For one thing, each jurisdiction dedicated funding in its own way. There was no uniform approach, and all their enabling statutes include threats about pulling funding if things didn’t go their way. During the negotiations, Virginia conditioned their contribution to WMATA on dramatic changes to the composition of Metro’s board. The agency capitulated.
“Because WMATA wants that money, they folded even though Maryland and D.C. never explicitly agreed to that,” says Korman. “That kind of thing creates a difficult precedent that we’re going to be wrestling with for a long time. What happens when D.C. is unhappy about something and they say, we’re going to withhold the money until you do XYZ?”
The principal union representing Metro workers, Amalgamated Transit Union Local 689, is concerned about aspects of the 2018 deal as well. Virginia and Maryland pushed a provision that would only allow operating subsidies to increase at 3 percent each year, limiting outlays for non-capital support in the future.

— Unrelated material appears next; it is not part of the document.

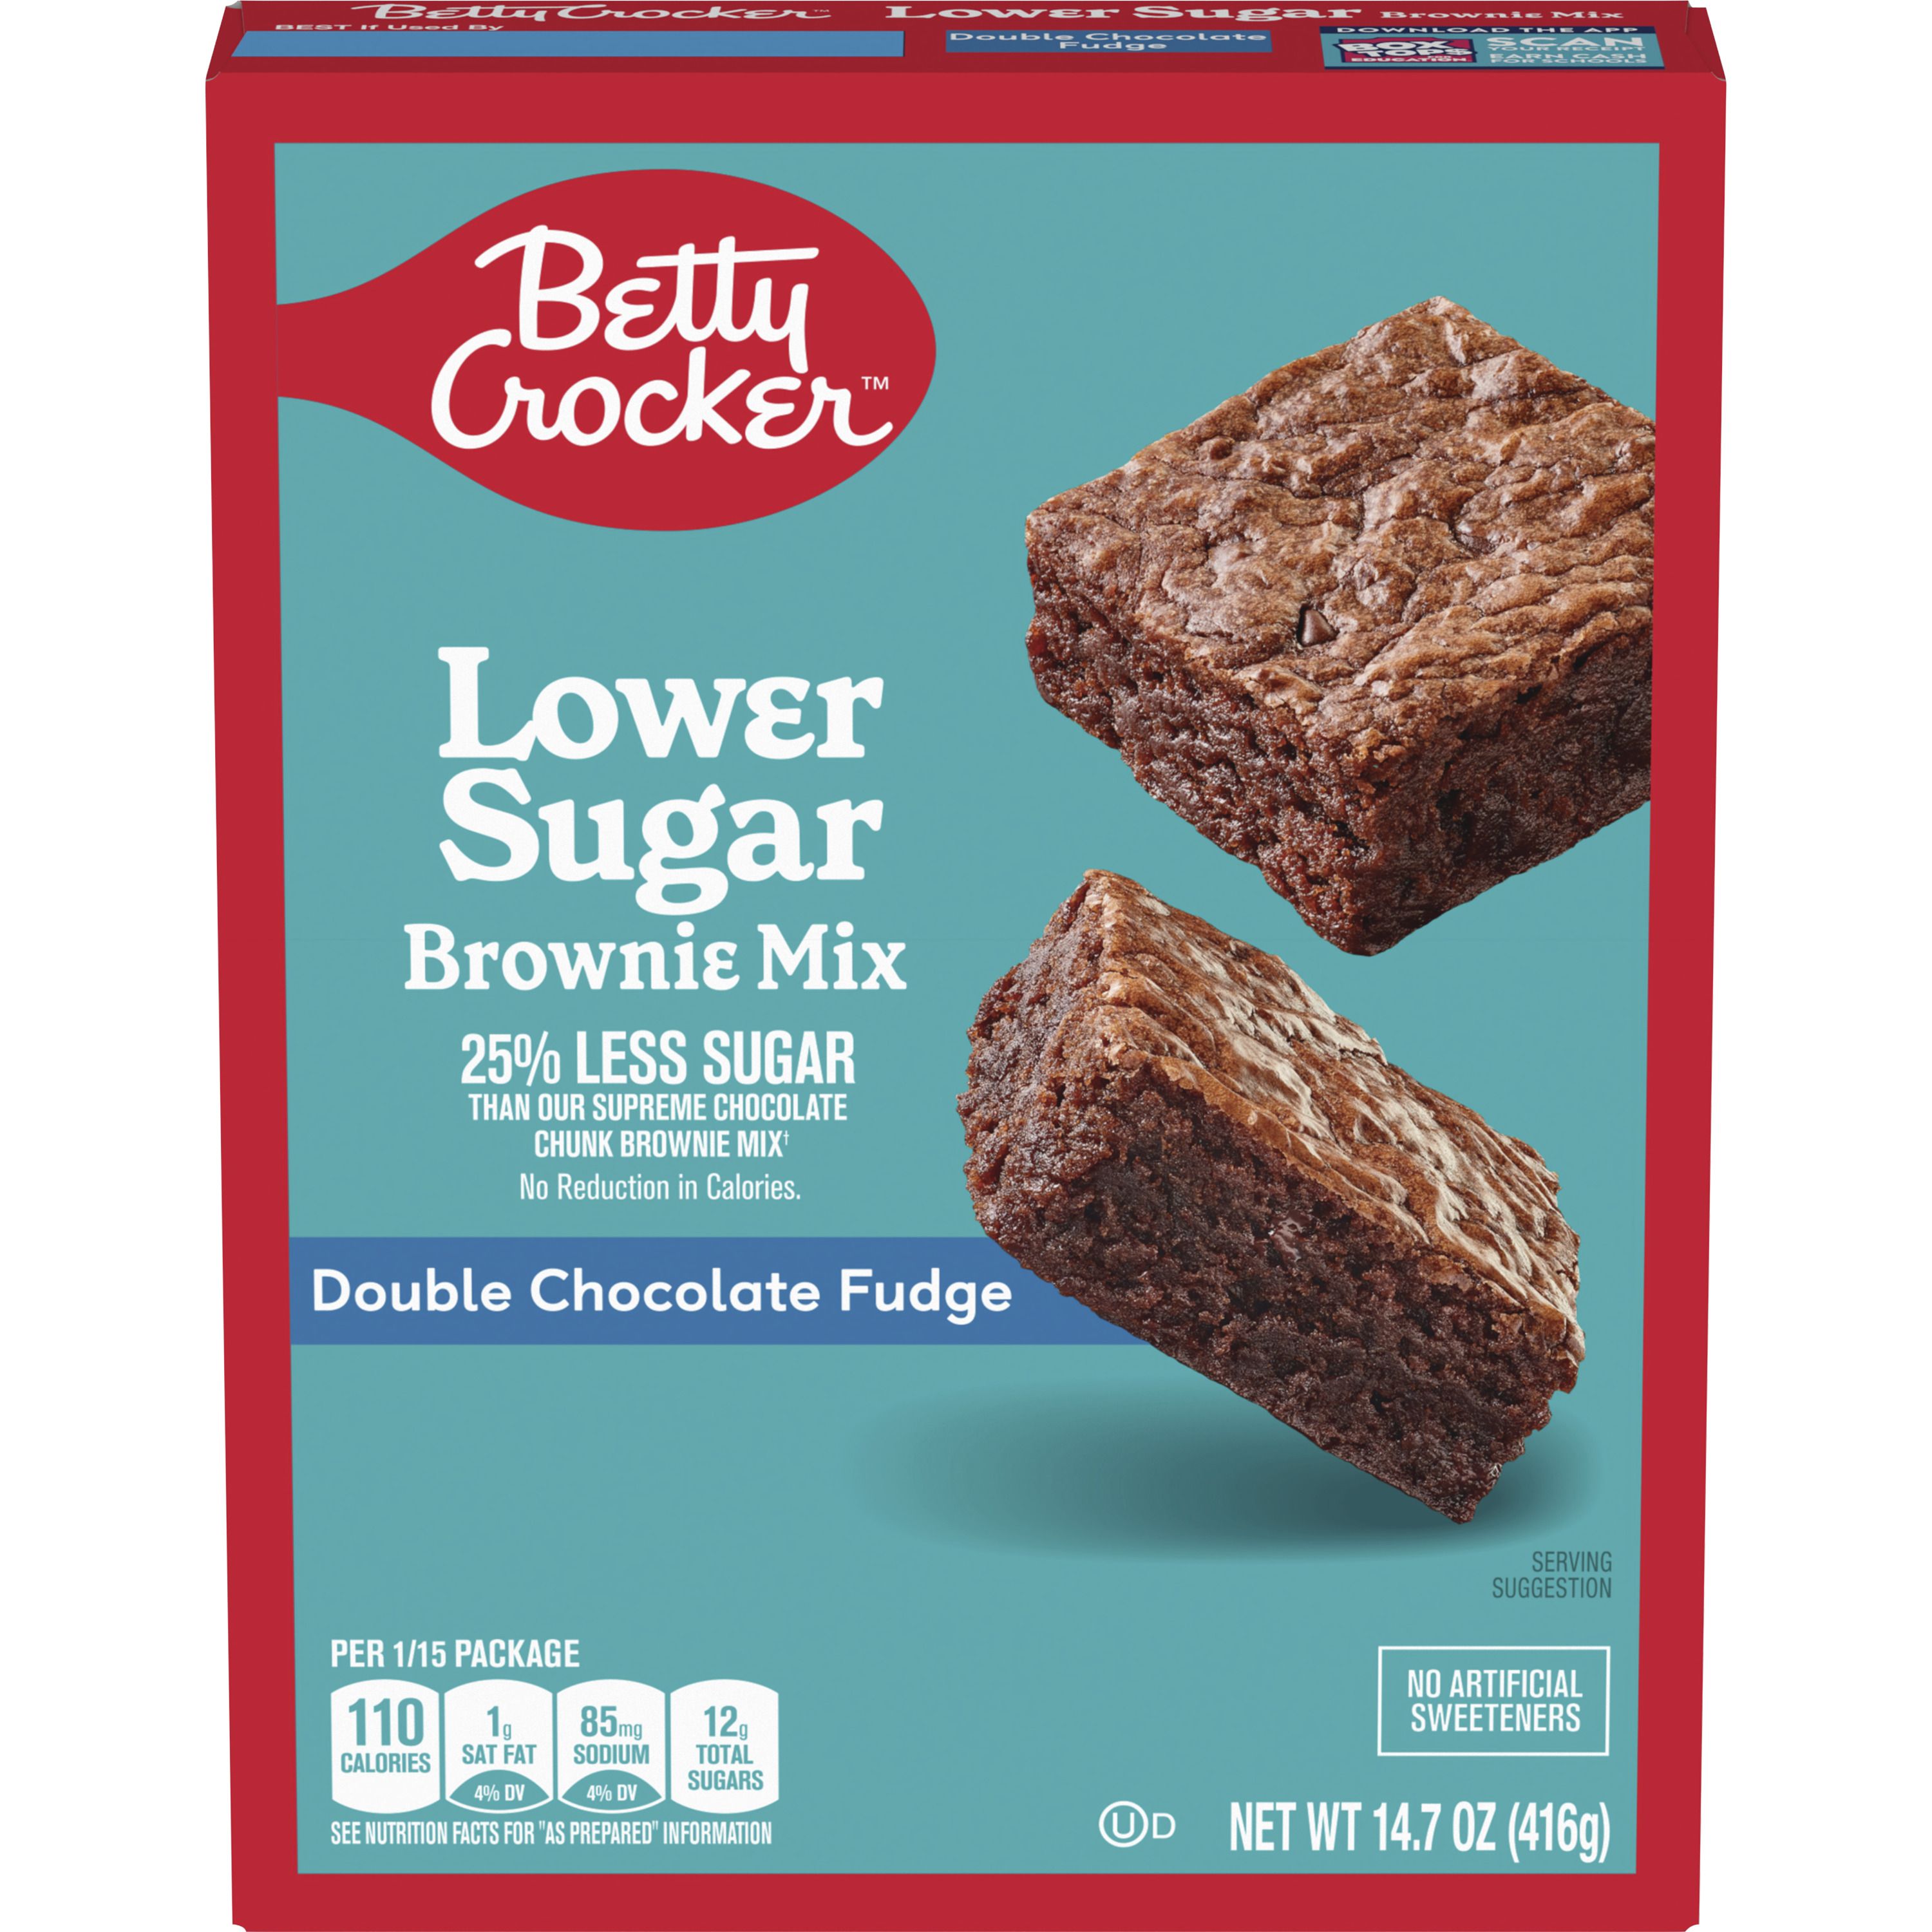 Betty Crocker Lower Sugar Brownie Mix, Double Chocolate Fudge, No Artificial Sweeteners, 14.7 oz - Front

The union didn’t like that idea because the population growth of the region, and its jobs numbers, were already turbocharged even before Amazon moved in. Local 689 argued operating funds, which support wages and benefits for their members, needed greater flexibility to grow. But the 2018 agreement enshrines the 3 percent cap into law, they say, and limits the ability to expand the system or hire more workers.
“When I’m talking to the guys, the workers, you don’t hear about the fires, the breakdown in equipment and things that we were having back in 2016,” says Raymond Jackson, president of Local 689. “But it can still be better, and then that 3 percent cap they put on top of the organization — I think that was the worst thing that they could have done.”
Then there’s the question of what happens if riders don’t return to 2019 levels, if the innovative policy changes Metro introduced in September cannot compete with the fear of the delta variant or other subsequent variants.
But those interviewed for this article seemed optimistic. Among the 30 percent of riders who have returned, mask use is almost universal. A lot of riders commended more frequent service, and said they were enjoying less crowded trains.
“COVID took a hit on it, but they’ve improved and been great on time,” says Brenda Nicodemus, stepping off a train in Dupont Circle, a mere mile from the White House. Asked why she is riding again, Nicodemus says that after eight years in Washington, “I’m a huge Metro fan, and a big supporter of public transportation.”